* [Problem statement] Please go line by line and repeat the data below exactly, with no images.

* [Data]
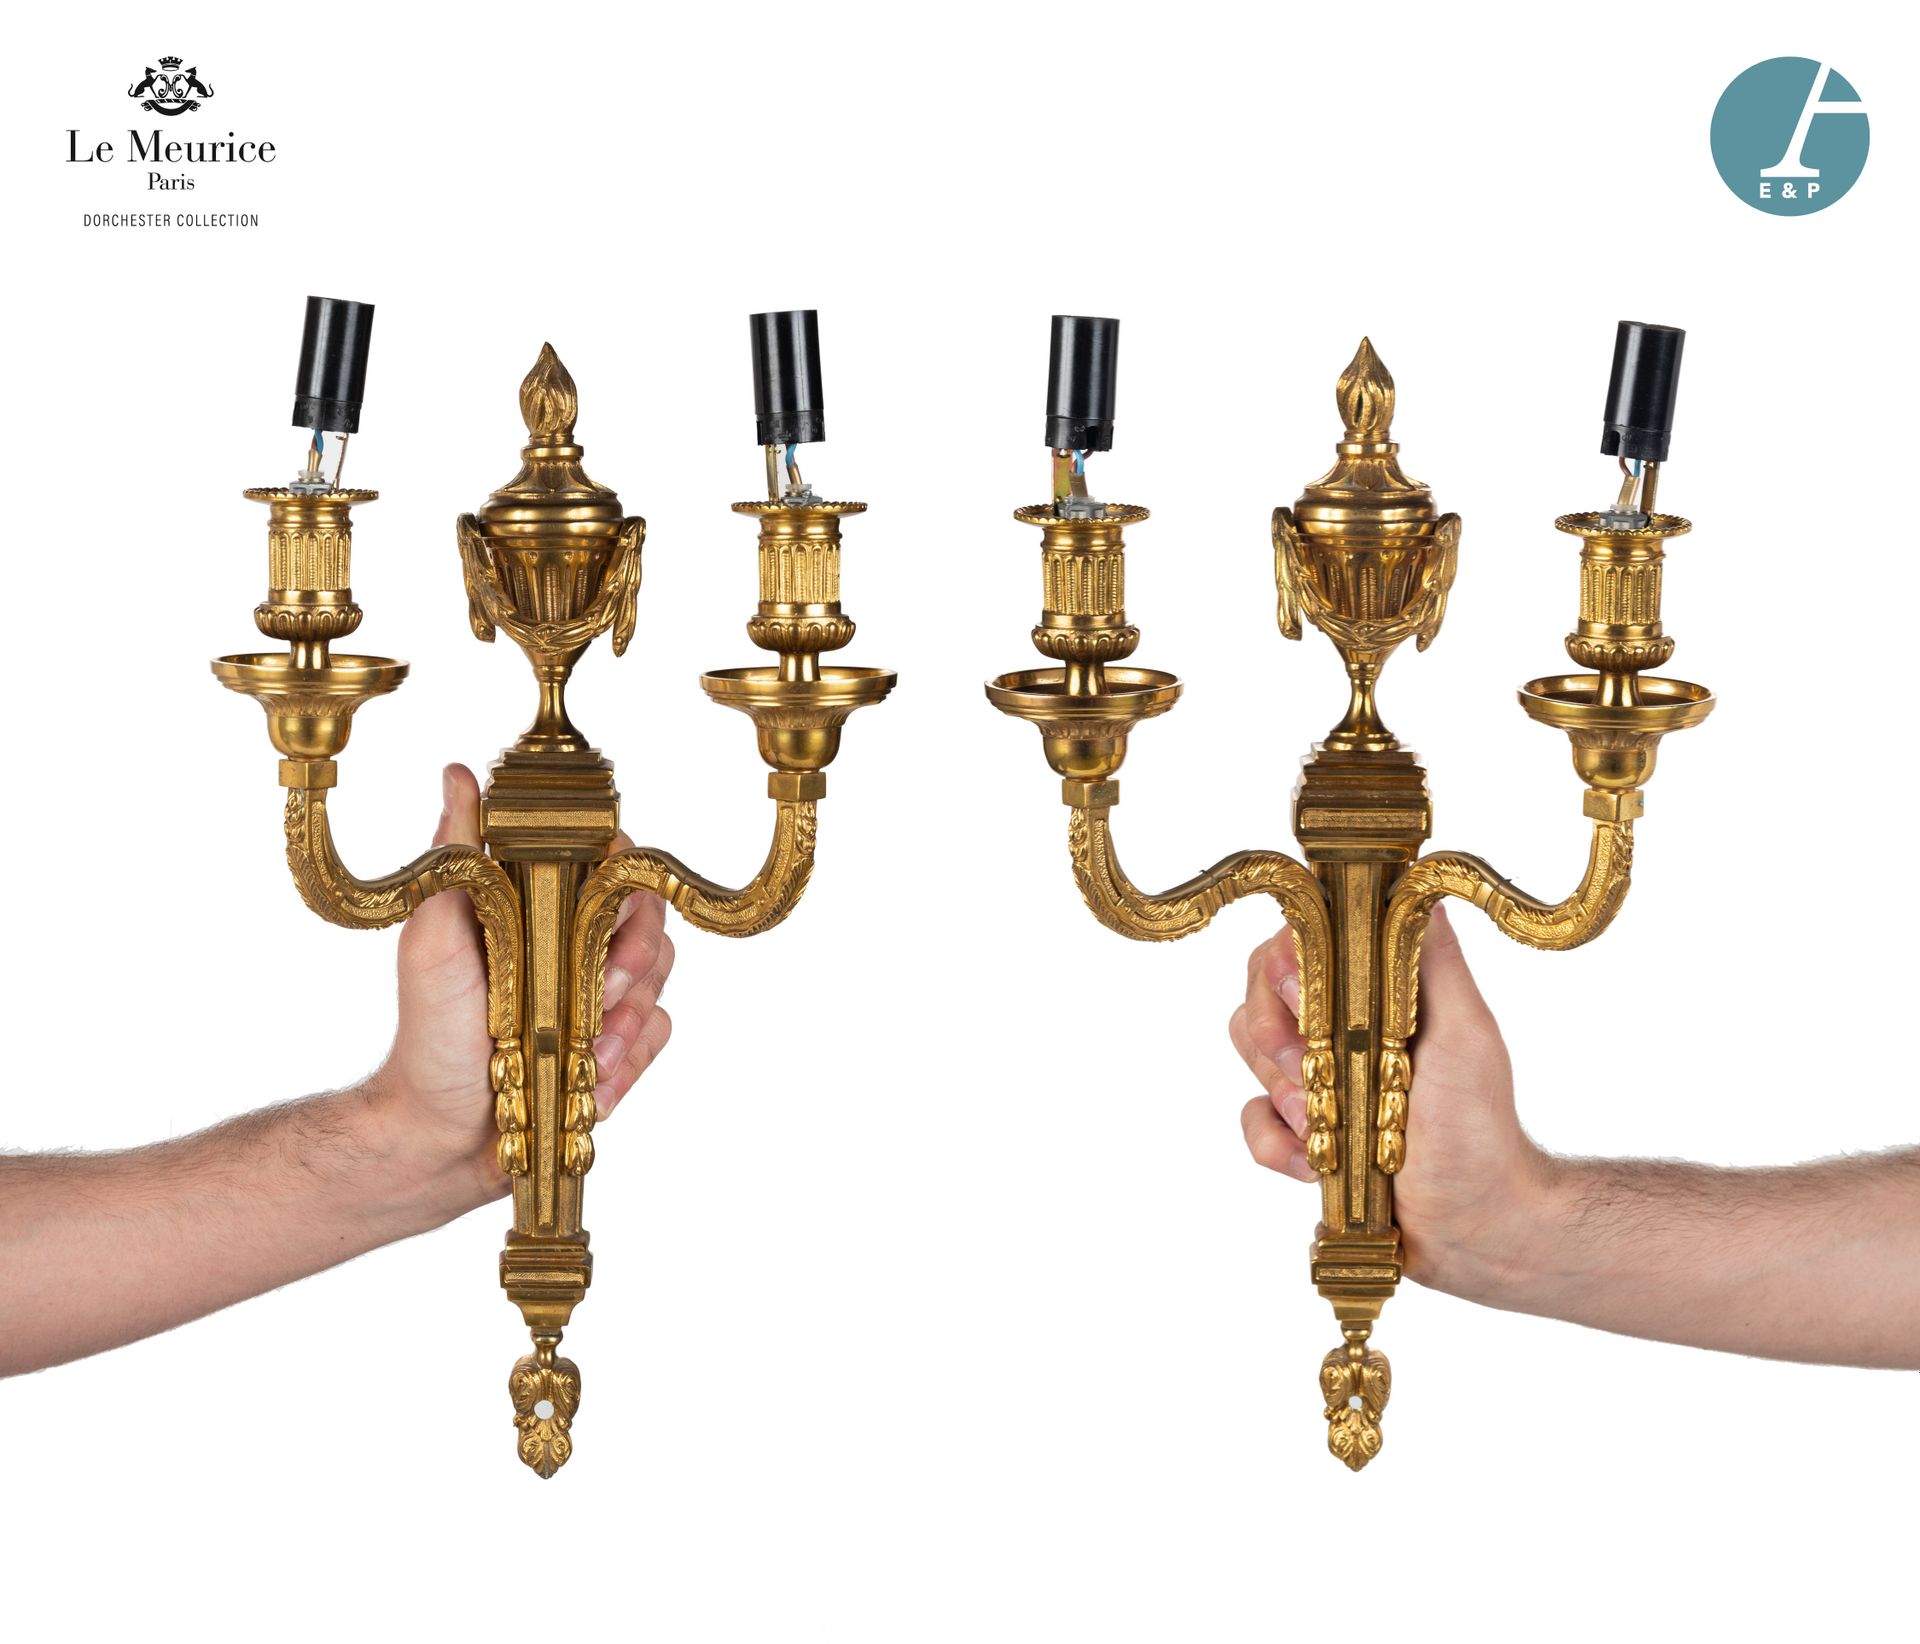 Null From the Hôtel Le Meurice.
Pair of two-arm sconces in chased and gilded bro&hellip;
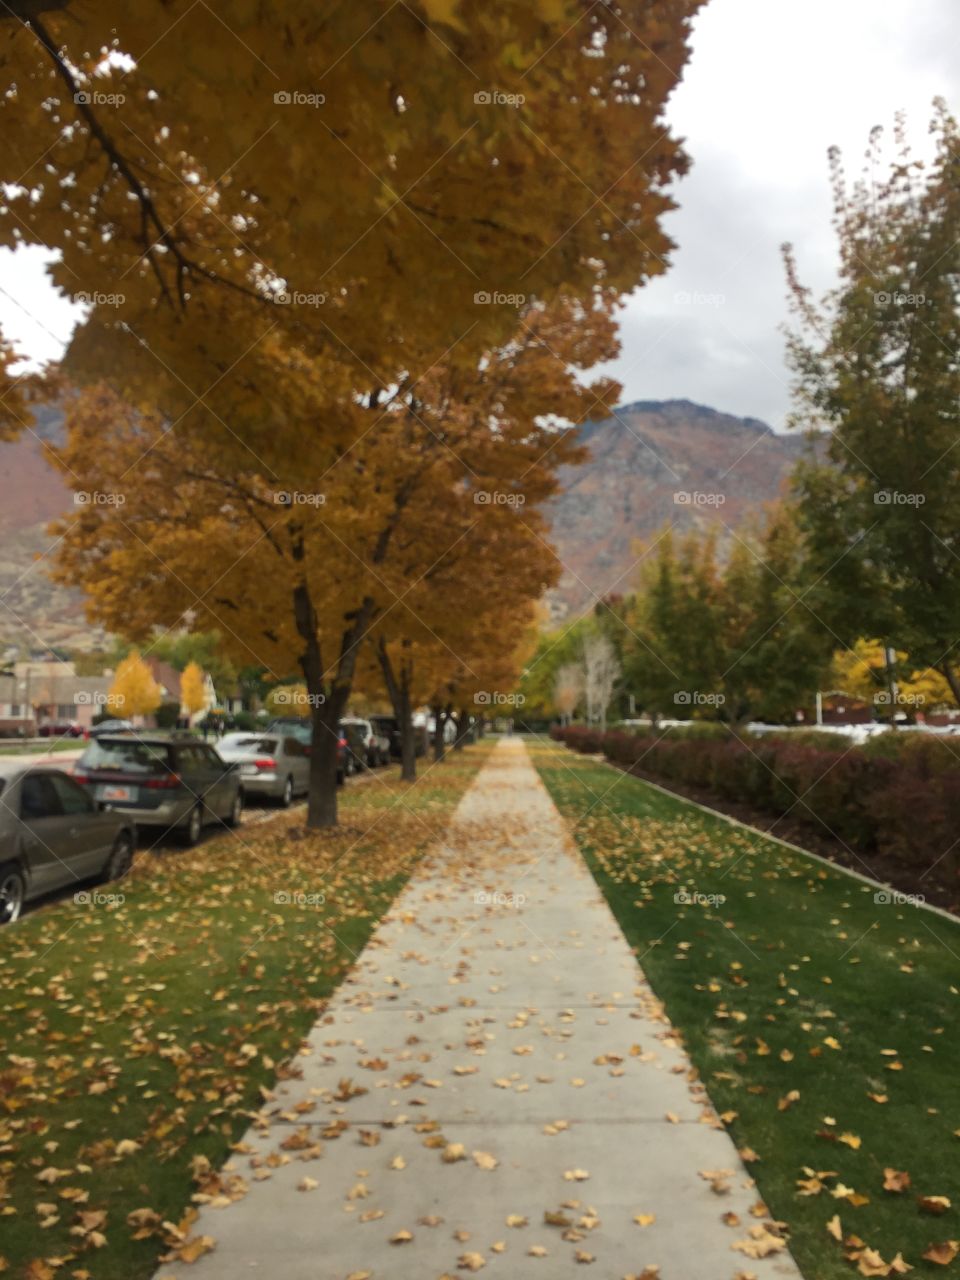 Brigham Young University’s walkways are littered with yellow leaves from fall trees // fall 2018

* [Solution]
 Null From the Hôtel Le Meurice.
Pair of two-arm sconces in chased and gilded bro&hellip;
 Brigham Young University’s walkways are littered with yellow leaves from fall trees // fall 2018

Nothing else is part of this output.